I was busy highlighting and taking notes during a recent course at the Theology of the Body Institute when I was startled to hear Christopher West say, “Suppose there is someone who is incredibly drawn to…I don’t know…antique glass.” What!? I couldn’t believe my ears and dropped my pen. “Why is he drawn to this glass?” West continued. “Who knows, but know this: God is at the source of the attraction.”
The topic that morning was prayer in the Christian life and how the theology of the body can point us toward a deeper understanding of prayer. I knew I needed to listen up because my husband’s love of — yes, American brilliant cut glass — was literally filling up our home.
This exchange came after pointing out that prayer is motivated by “the ‘love of beauty’ [that] is caught up in the glory of the living and the true God” (CCC 2727), and West was encouraging us to grow in prayer by focusing on that which awakens our hearts. God speaks to us through the things we find beautiful. Pope John Paul II wrote in his 1999 Letter to Artists that “following created beauty where it leads takes us to an infinite ocean of beauty, where wonder becomes awe, exhilaration and unspeakable joy.” In other words, God Himself is Beauty.
I do find my husband’s glass collection beautiful. Stunning even. I approached West at the break and asked him why, of all things he could have used as an example, he chose antique glass. “No idea; it just popped in my head,” he said. But he encouraged me to be supportive of finding God in the glass. “It could be as simple as God knows Greg loves the artistry and skill of this particular type of art, and has provided it to him in abundance to show the beautiful truth that He loves Greg in abundance!”
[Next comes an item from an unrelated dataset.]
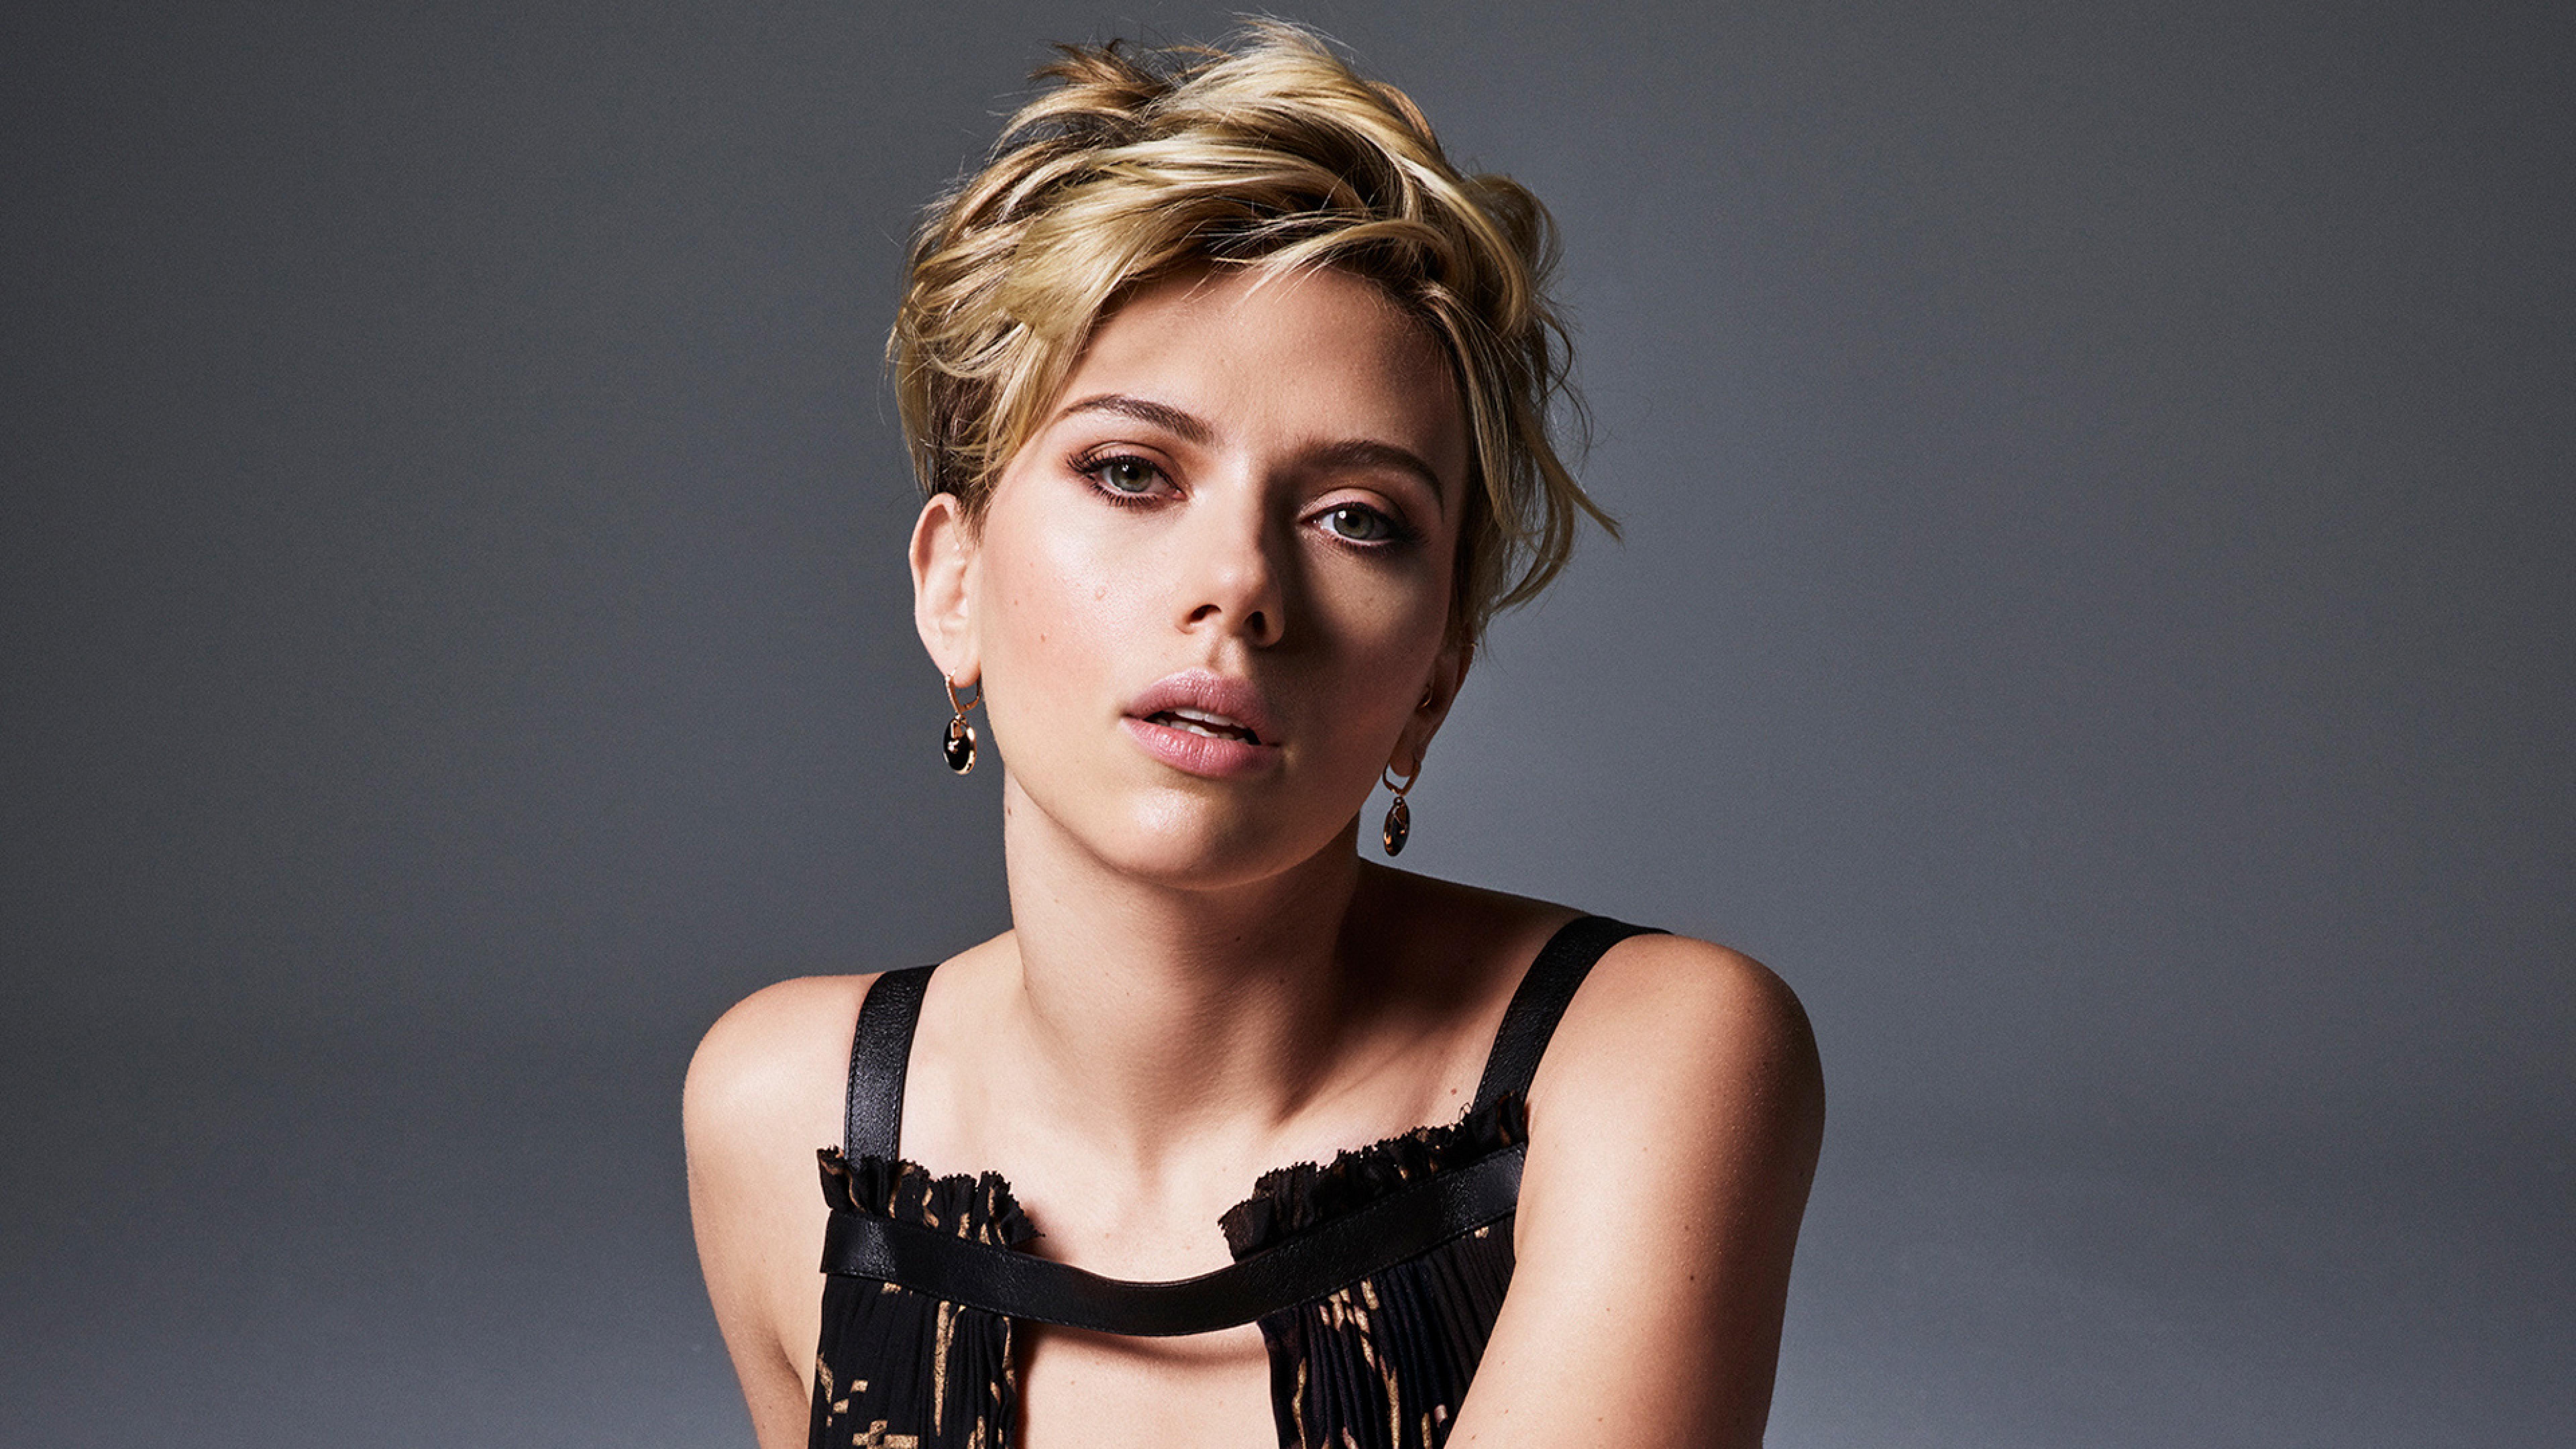 Scarlett Johansson 2017 Wallpaper Background And Photo Gallery

West encouraged the class to look for the beauty that catches our hearts, be it in creation, music, art, literature. But it is important that “the sign leads you to the Signifier.”
Leah Darrow knows well how easy and tragic it can be to get lost in the false beauty pushed in the world. A former model and contestant on America’s Next Top Model, Darrow found herself lost in a world that focused only on outward beauty.
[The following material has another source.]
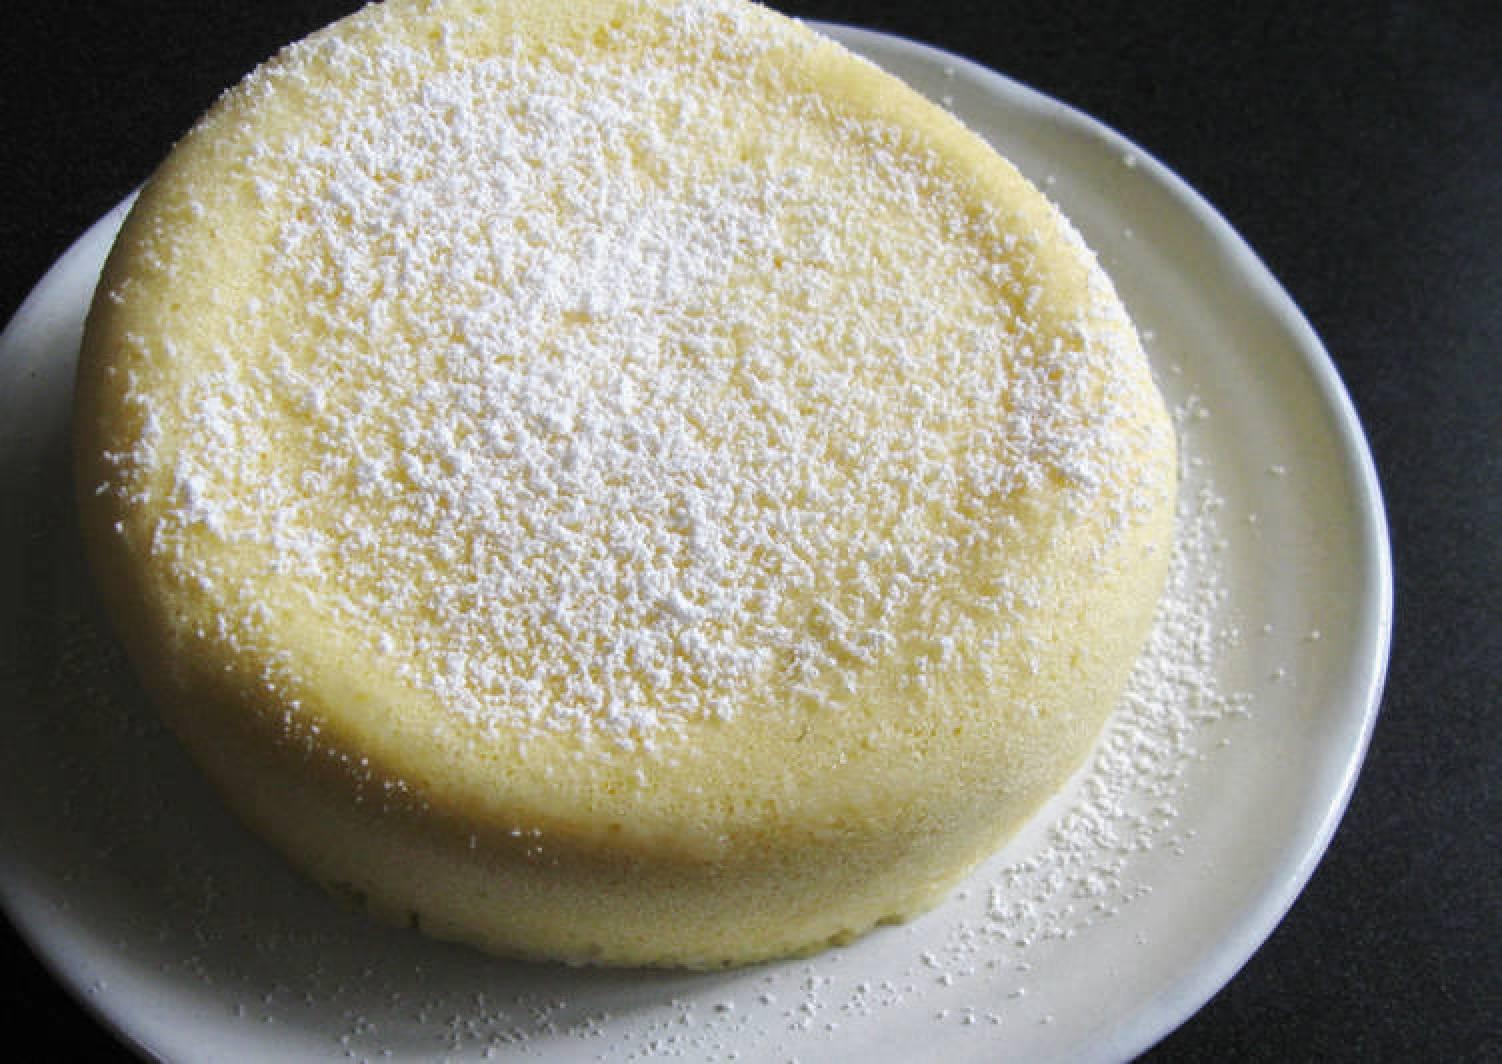 Microwave Instant Sponge Cake

“Starting when I was young, I was brainwashed into believing that my worth was wrapped up in how I looked,” she wrote in her book, “The Other Side of Beauty.” “After all, from what I had seen in life, beauty seemed to be everything, and loved seemed to be given in response to beauty.”
It took several years and what Darrow calls hitting her rock bottom before God blessed her with a transformational experience in the middle of a photoshoot that led her to walk out and completely away from the life she had been living. It put her on the path to understanding authentic beauty and the deep love of God.
“I know I’m not the only one who has found herself seduced by imitation beauty,” she wrote. “The promise of being and feeling beautiful have been whispered into the ears of millions of girls all over the world. In my return to faith and reason, I’ve gradually come to understand that true beauty should always point to its original source and lead to the development of a beautiful soul. Surprisingly, this has little to do with glitter stilettos and fake eyelashes…God alone [dictates our worth], and He sees us as ‘very good’ (Gen 1:31).”